Mitsubishi adding value to Renault-Nissan-Mitsubishi Alliance
Ute-based lessons coming from the relative minnow are helping Nissan refine the Navara
Mitsubishi is a minnow compared to alliance mates Renault and Nissan, but that doesn't mean it has nothing to add in the arrangement.
Speaking with media at the opening of a Renault-Nissan-Mitsubishi Alliance warehouse in Melbourne, Kent O'Hara, senior vice president for after sales at the Alliance, said there were lessons for Renault/Nissan in the way Mitsubishi, comfortably the smallest member of group, goes about its business.

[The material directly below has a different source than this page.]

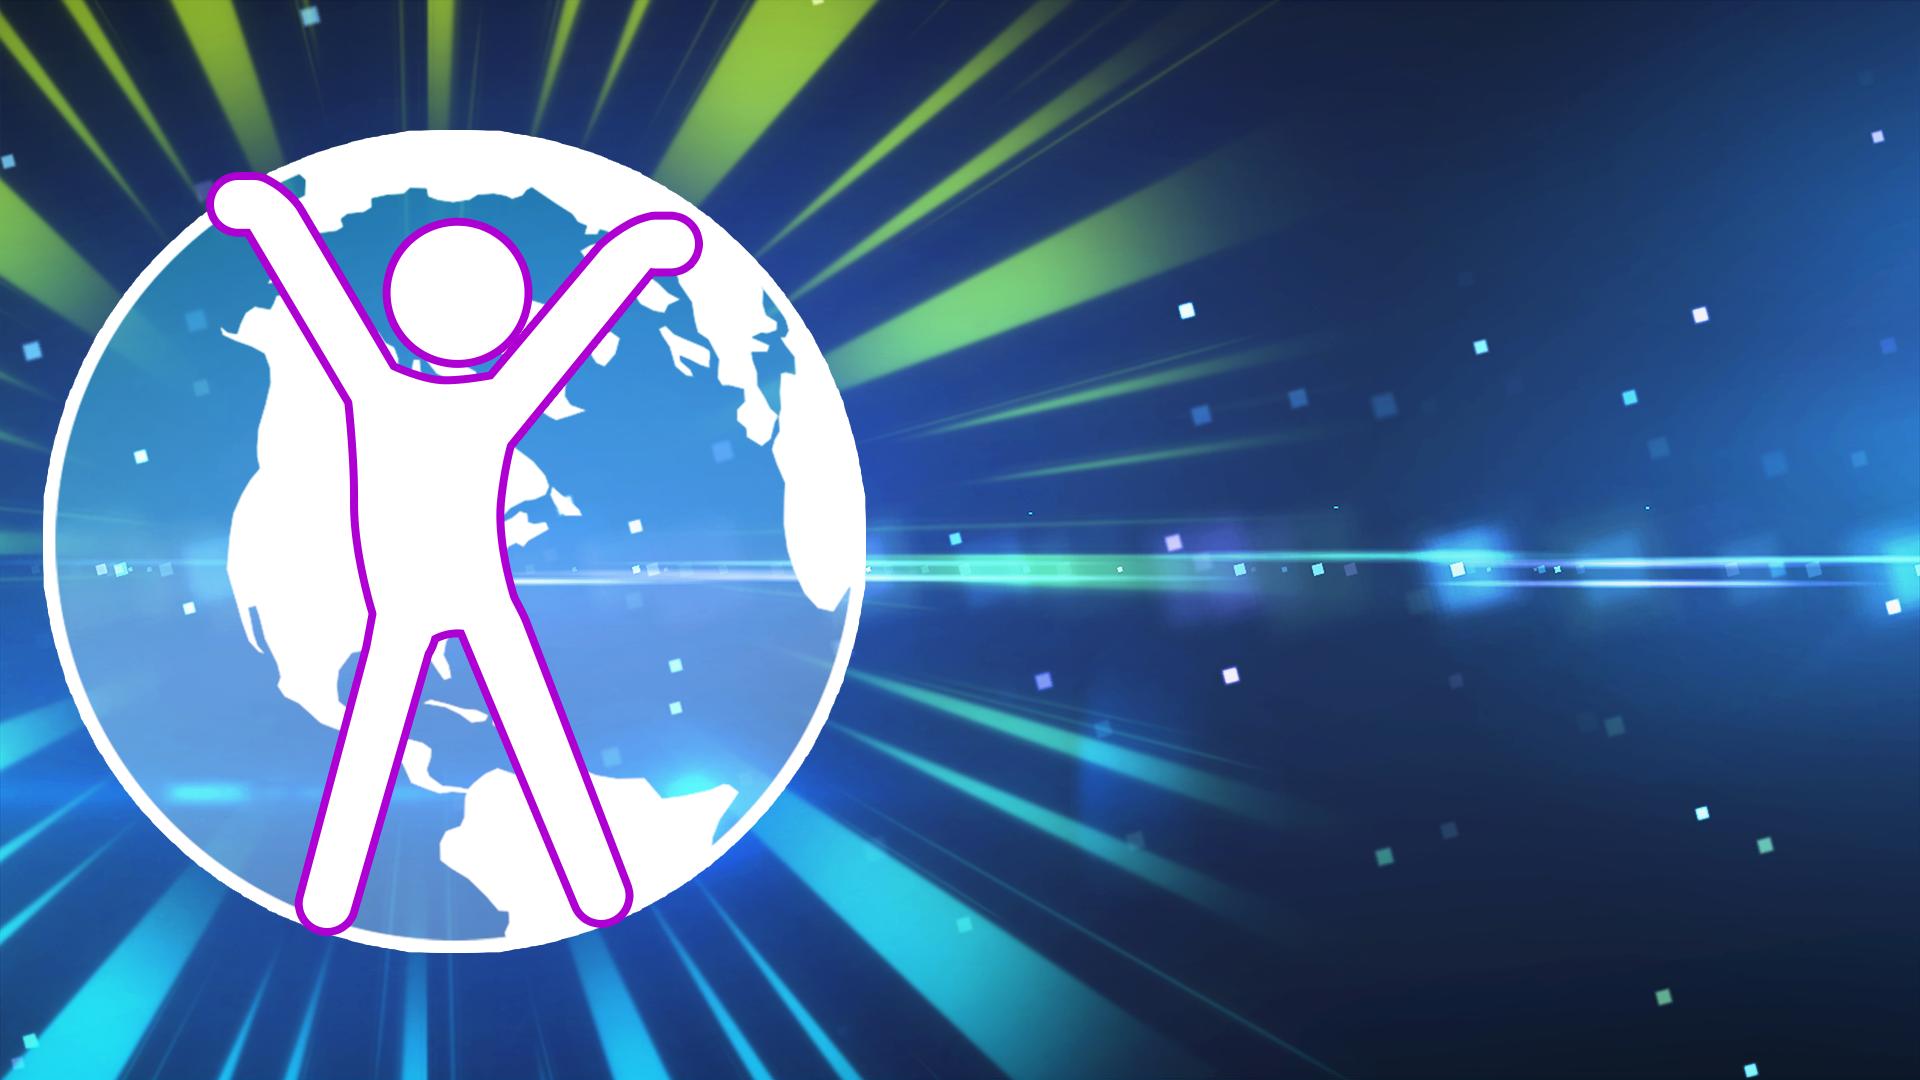 Competitive spirit achievement in just dance 2015 for 1 2 3 4 dance floor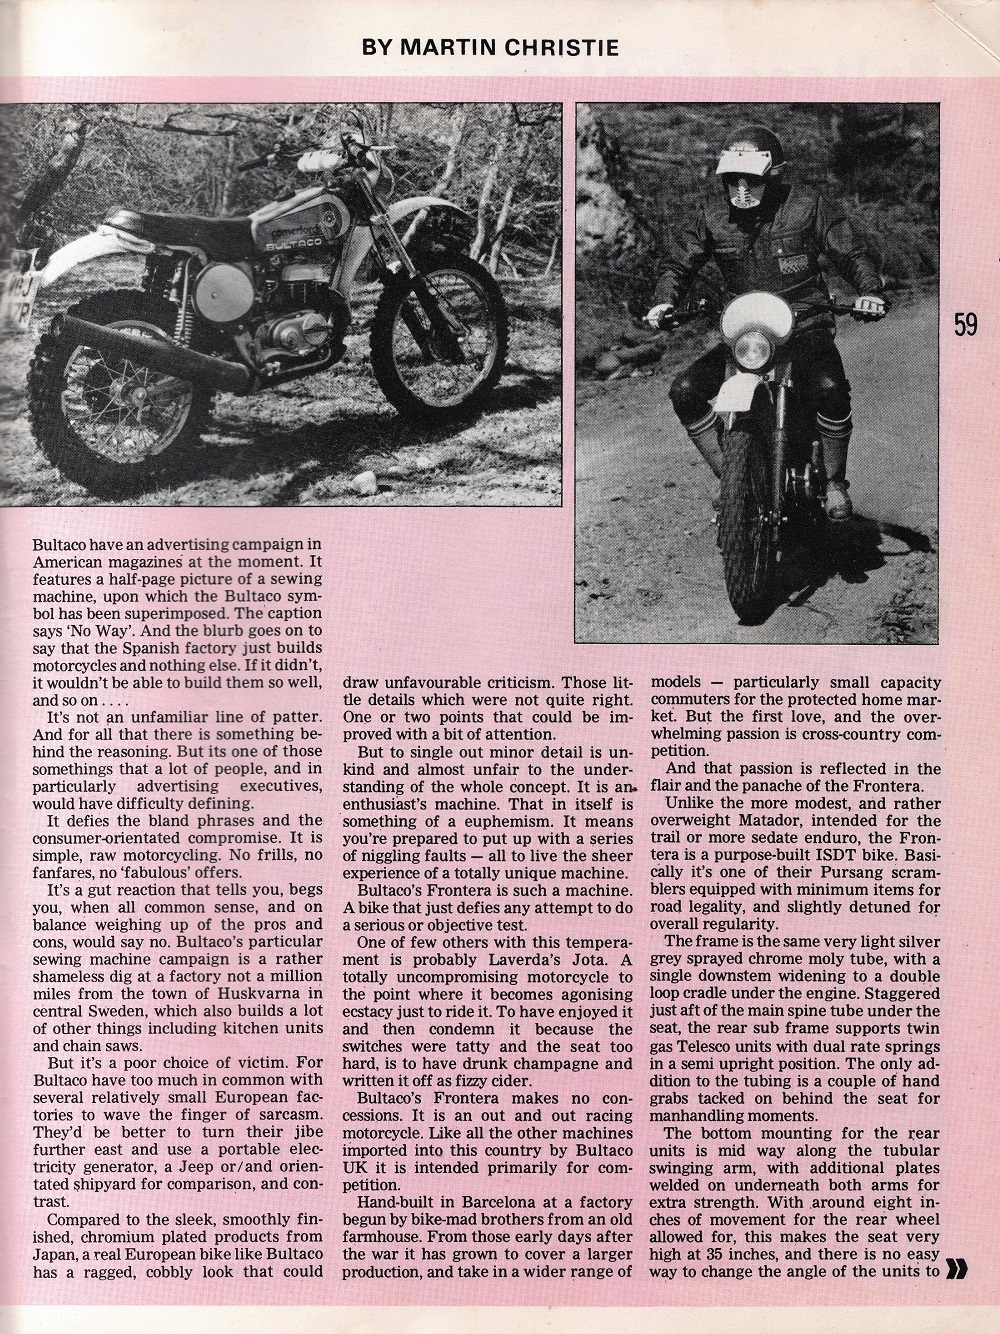 1977 Bultaco 370 Frontera road test.2.jpg

"I think the Mitsubishi partnership will be a good one for us, especially here in Australia," O'Hara said.
"One of the things that's been very helpful is that there's been enough specific examples – early into Mitsubishi's joining – where frankly, they're doing things at a better level of efficiency and cost level than we are," he later explained.
"It means that they have a better solution to that particular problem or opportunity that they have come up with... We've learned some stuff from Mitsubishi in just looking at the pickups, between the Navara and Triton," O'Hara went on.
"We've learned some very insightful things on the Triton pickup that I think has already been useful back into the Nissan activities, on figuring out some different improvements to improve cost and design of certain items that we have," O'Hara said, although he wouldn't be drawn on specifics.
"Because Mitsubishi hasn't had all the resources available to them, they've had to do things a little bit differently," he later said, citing the way it deals with suppliers as one such example.
Don't expect to see the convergence of the two model lines, though. Just as the Renault Koleos and its platform twin, the Nissan X-Trail, have their own distinct personalities, O'Hara said the three pillars of the Alliance were working hard to maintain their identities.
"It's critically important that each of the brands remains unique," O'Hara explained.
"If you talk to the customers of the respective brands and vehicles, they have a very unique and very different view, and an appreciation for each of those brands. We never want to do anything that alters that."